The successful work on massive MIMO has attracted a lot of international interest both in academia and in industry. Since the technology is a main candidate to be adopted in the next generation of wireless systems, 5G, we are cooperating with industrial partners both in Sweden and internationally to further develop the technology, to identify any possible bottlenecks and to establish best practice for how to apply and implement it. In January 2014 we started a new EU project, Massive MIMO for Efficient Transmission (MAMMOET), to take the technology from the lab to reality together with our partners: the research institute Imec in Belgium, the operator Telefonica in Spain, the Swedish systems provider Ericsson, the chip manufacturer Infineon and the coordinator Technikon in Austria and the universities of Linköping and Leuven, in Sweden and Belgium. We also cooperate with the originator of massive MIMO, Thomas Marzetta at Alcatel-Lucent Bell Labs in the US who is also in the advisory groups of both ELLIIT and MAMMOET.

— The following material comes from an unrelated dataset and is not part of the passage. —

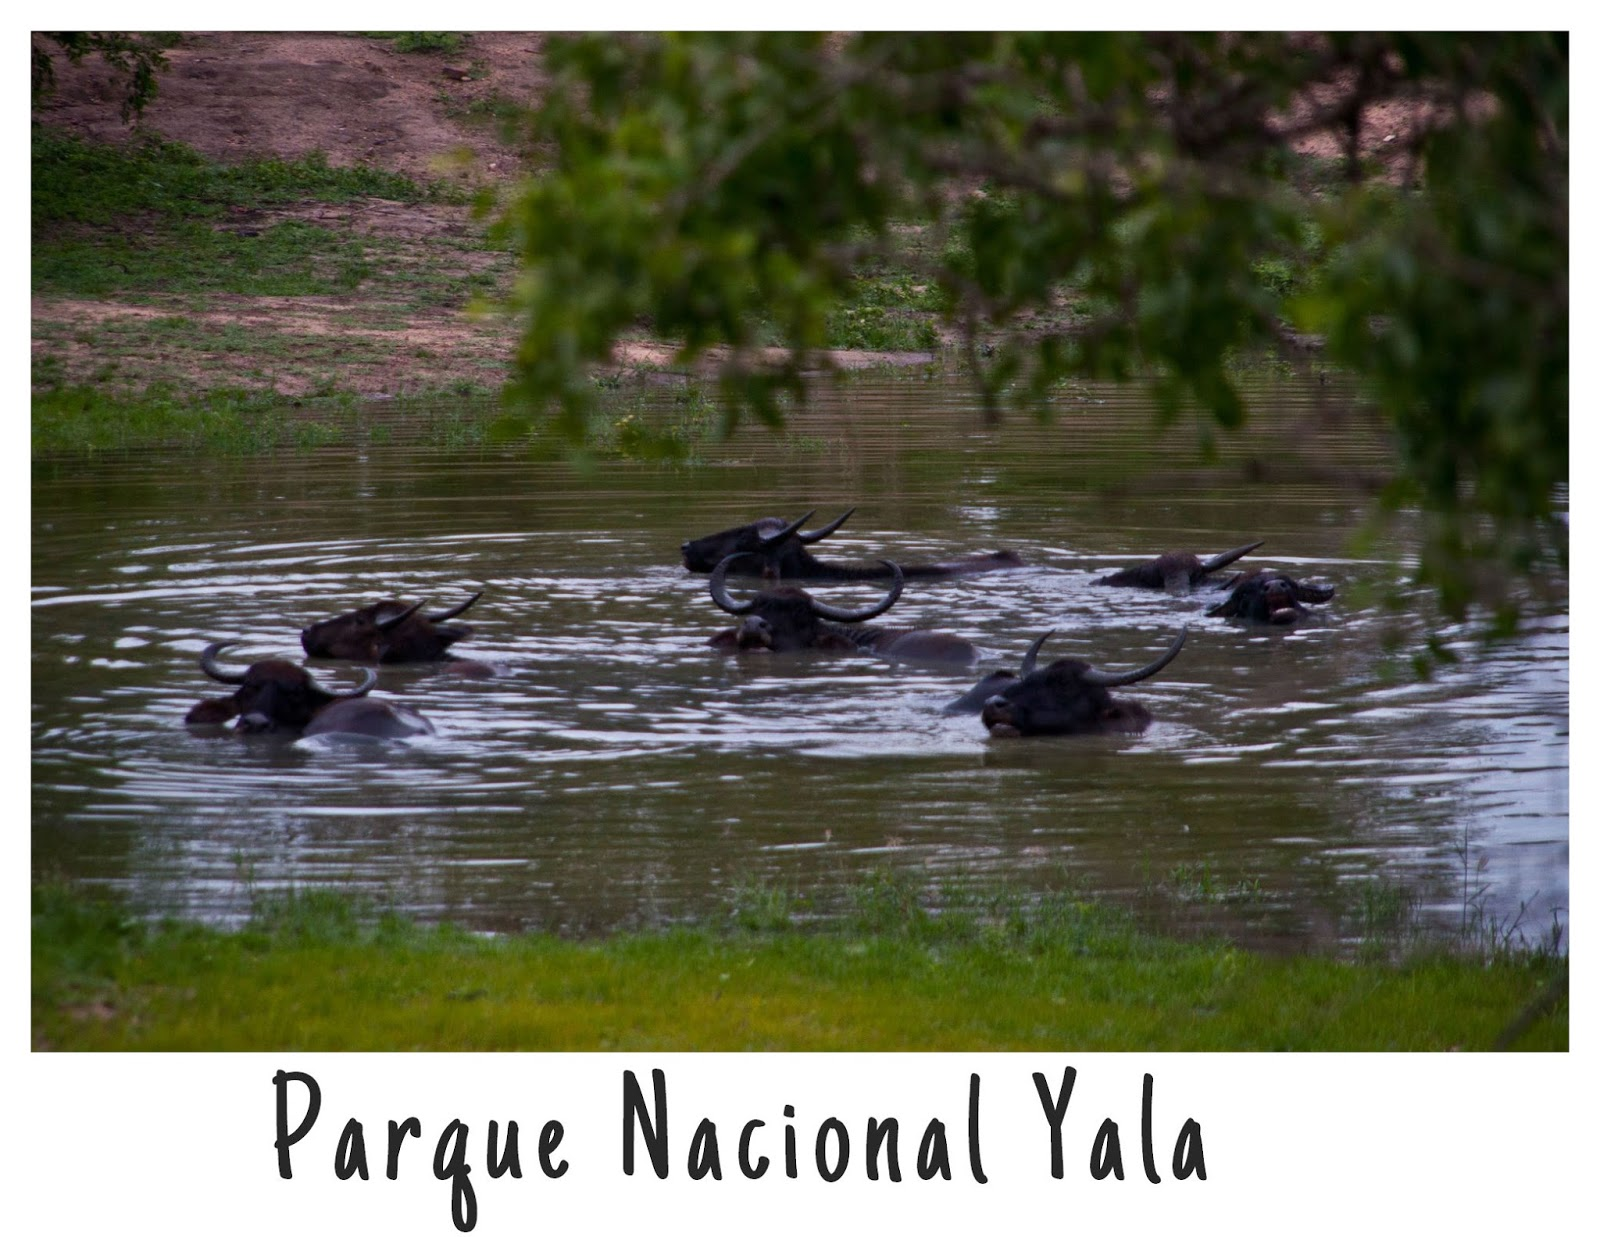 http://www.depatitasenelmundo.es/2015/01/yala-un-safari-para-principiantes.html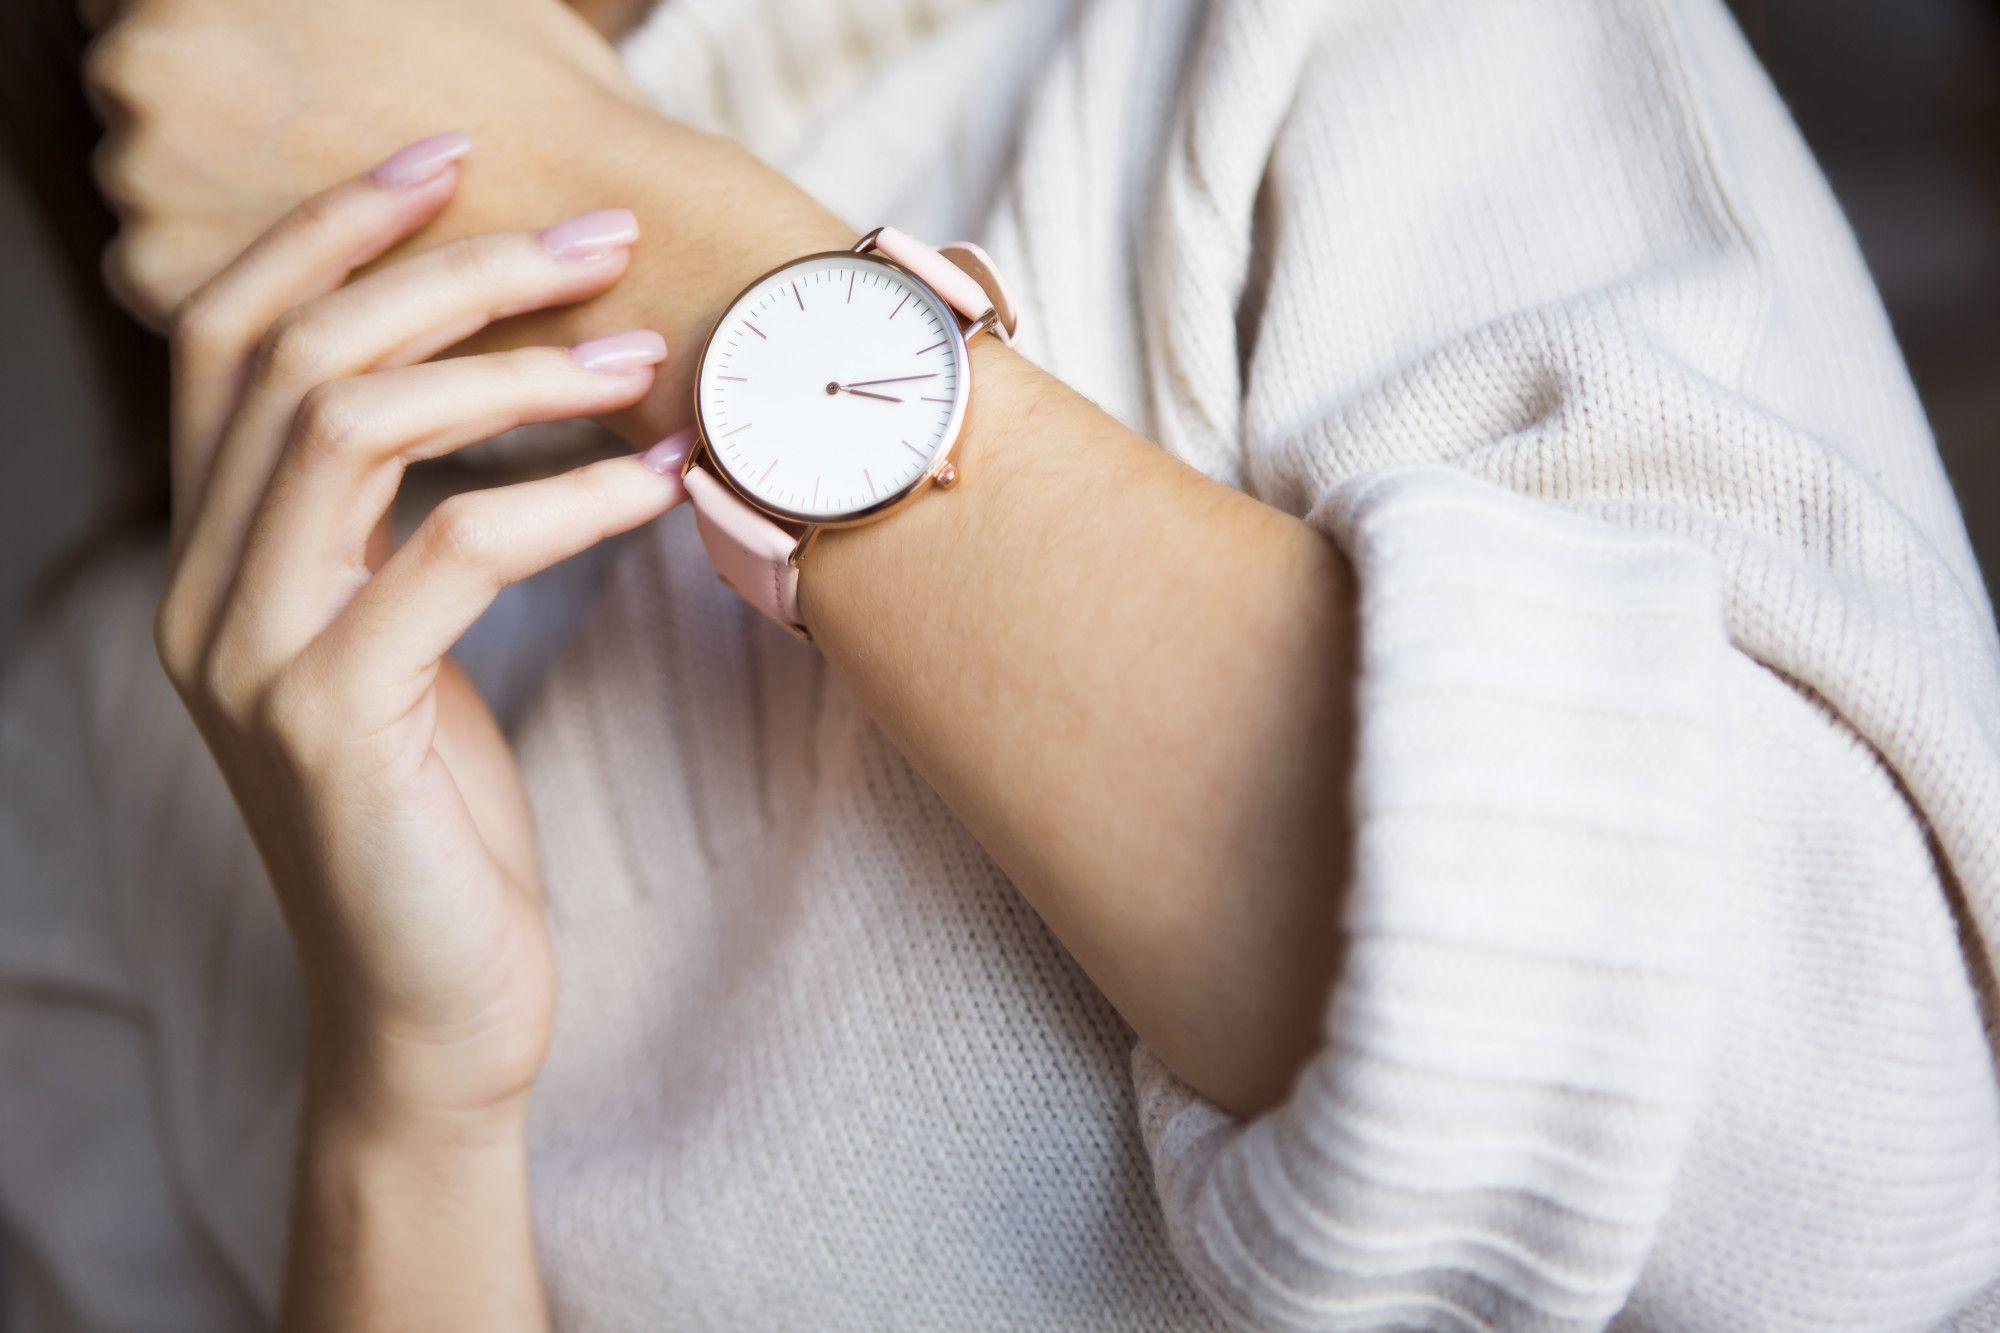 1. Apple Watch Series 4 with Pink Sand Sport Loop

All in all, the promising initial results that we saw already in 2010 spurred us to take new initiatives and gather a critical mass for exploitation of this new technology in the field of ICT. The coherent multidisciplinary effort would probably not have taken place without the creation of the strategic research area, and this has enabled us to move many traditional research areas forward. Seen from an academic perspective, these efforts have already paid off in terms of reputation, publications, citations and new interesting research projects, and we are convinced that in the near future they will also pay off from an industrial perspective by keeping the Swedish telecommunications industry at a highly competitive level and opening up new opportunities for the future.